- Church: Catholic Church
- Province: Manila
- See: San Pablo
- Appointed: September 21, 2024
- Installed: November 21, 2024
- Predecessor: Buenaventura Famadico
- Other posts: Chairman, Episcopal Commission on Youth, Catholic Bishops Conference of the Philippines (2025–present); Member, Dicastery for Communications (2026–present);
- Previous post: Bishop of Boac (2015–2024)

Orders
- Ordination: March 13, 1995
- Consecration: March 13, 2015 by Gaudencio Cardinal Rosales

Personal details
- Born: Marcelino Antonio Malabanan Maralit, Jr. May 18, 1969 (age 57) Manila, Philippines
- Denomination: Roman Catholic
- Education: Saint Francis de Sales Minor Seminary, Lipa, Batangas
- Motto: Fiat Mihi Secundum Verbum Tuum (Be it done unto me according to thy word, Luke 1:38)
- Coat of arms: Marcelino Antonio Maralit, Jr.'s coat of arms

Ordination history

Priestly ordination
- Ordained by: Gaudencio Rosales
- Date: March 13, 1995
- Place: San Sebastian Cathedral, Lipa City

Episcopal consecration
- Principal consecrator: Gaudencio Rosales
- Co-consecrators: Luis Antonio Tagle; Ramon Arguelles; Giuseppe Pinto;
- Date: March 13, 2015
- Place: San Sebastian Cathedral, Lipa City
- Styles
- Reference style: His Excellency; The Most Reverend;
- Spoken style: Your Excellency
- Religious style: Bishop

= Marcelino Antonio Maralit =

21st-century Bishop of San Pablo

Marcelino Antonio "Junie" Malabanan Maralit, Jr. (born May 18, 1969) is a Filipino prelate who currently serves as the bishop of the Roman Catholic Diocese of San Pablo since November 21, 2024.

==Education==
Maralit attended Canossa Academy for his primary elementary education from 1976 to 1979, and then transferred to De La Salle Lipa for his intermediate elementary education from 1979 to 1981. He attended St. Francis de Sales Minor Seminary in Lipa, Batangas for his high school education from 1981 to 1985.

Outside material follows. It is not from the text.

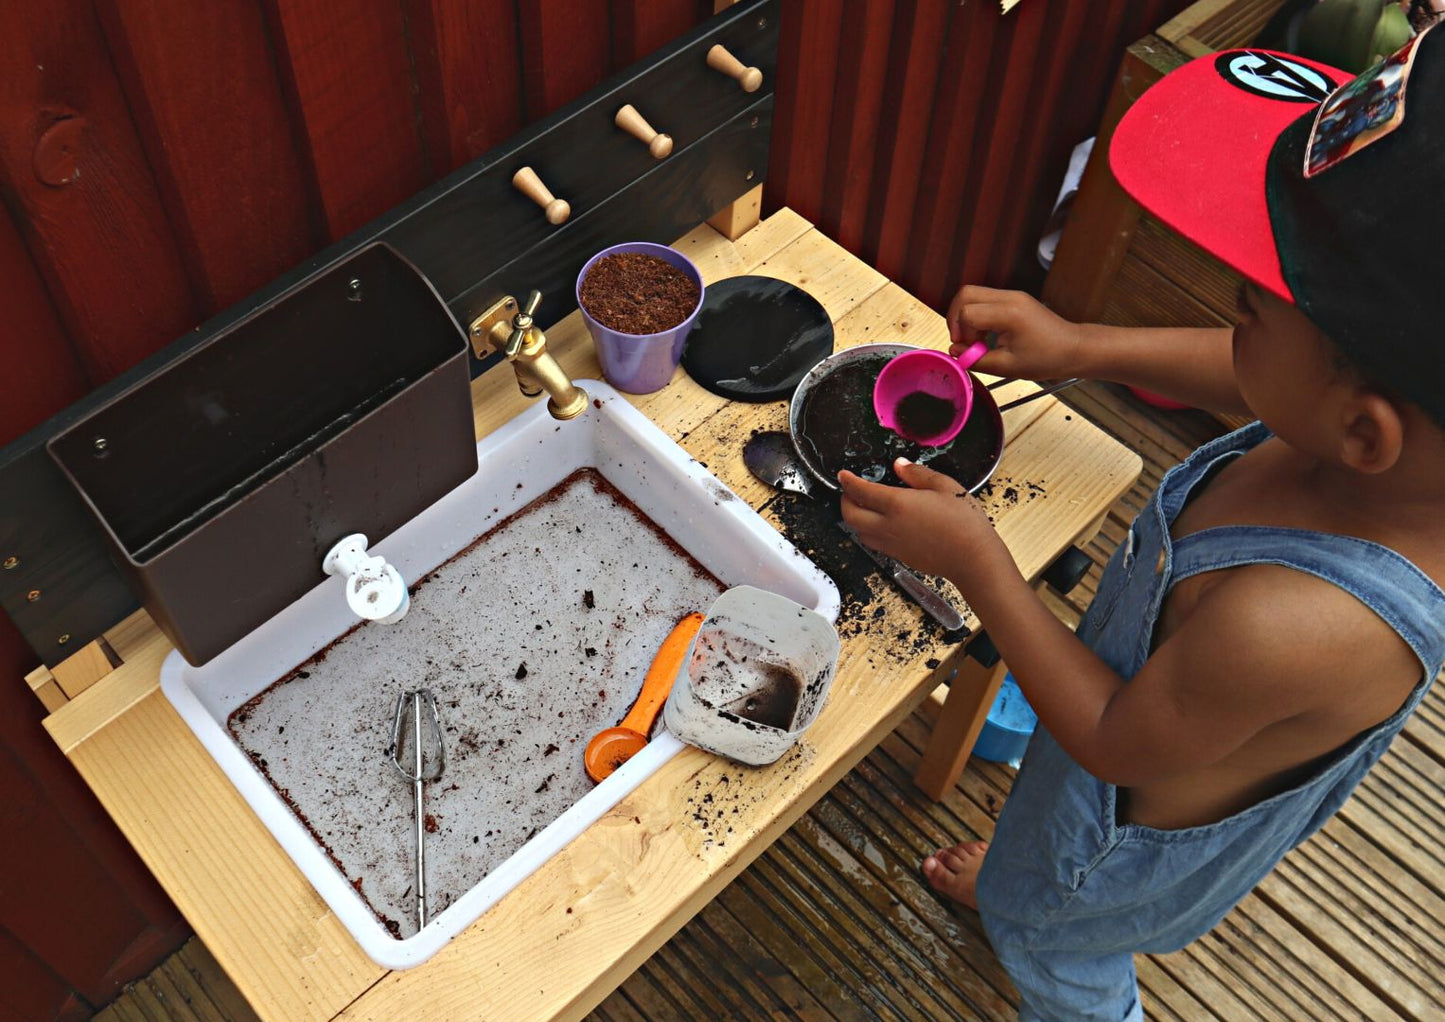 Creative play in a mud kitchen

Following high school, he pursued a degree in Philosophy at St. Francis de Sales Major Seminary in Lipa from 1985 to 1989. He then continued his studies in Sacred Theology at the Universidad de Navarra in Pamplona, Spain, from 1989 to 1994. He furthered his education with postgraduate studies, focusing on Licentiate and Doctorate courses in Ecclesiastical History at Pontifical University of the Holy Cross in Rome, Italy, from 1999 to 2003.

==Priesthood==
Maralit was ordained to the priesthood on March 13, 1995 at the Roman Catholic Archdiocese of Lipa. He first served as parochial vicar of the Immaculate Conception Parish Church in Bauan, Batangas from 1995 to 1996 and concurrently as a professor at St. Francis de Sales Major Seminary in Lipa until 1999. He became Assistant Director of Archdiocesan Commission on Vocation from 1996 to 1998, and Director from 1998 to 1999. From 2003 to 2009, he served as a professor, priest, formator, vice chancellor, and Dean of Studies at St. Francis de Sales Theological Seminary, where he also chaired the Construction Committee from 2006 onwards. He became the Rector of the seminary in 2009, serving until 2013. He then served as parochial vicar of the Parish of Santo Niño de Lipa in Barangay Marawoy, Lipa, from 2011 to 2013. In 2013, he became the parish priest of Invención de la Santa Cruz Parish in Alitagtag, Batangas, and was appointed member of the Council of Priests of the Archdiocese of Lipa.

==Episcopate==
Maralit was eventually appointed as Bishop of Boac on December 31, 2014. On March 13, 2015, he was ordained a bishop by Cardinal Gaudencio Rosales, Archbishop Emeritus of Manila, at San Sebastián Cathedral in Lipa, coinciding with his 20th sacerdotal anniversary. He was installed as Bishop of Boac on March 17, 2015, succeeding Reynaldo Evangelista, who was appointed the Bishop of Imus.

On September 21, 2024, Pope Francis appointed him as the fifth Bishop of San Pablo, succeeding Buenaventura Famadico, who had resigned exactly a year prior for health reasons. His canonical installation was held on November 21, 2024 at the Saint Paul the First Hermit Cathedral, presided over by Archbishop of Manila Cardinal José Advincula, and Mylo Hubert Vergara, the Bishop of Pasig and Apostolic Administrator of San Pablo.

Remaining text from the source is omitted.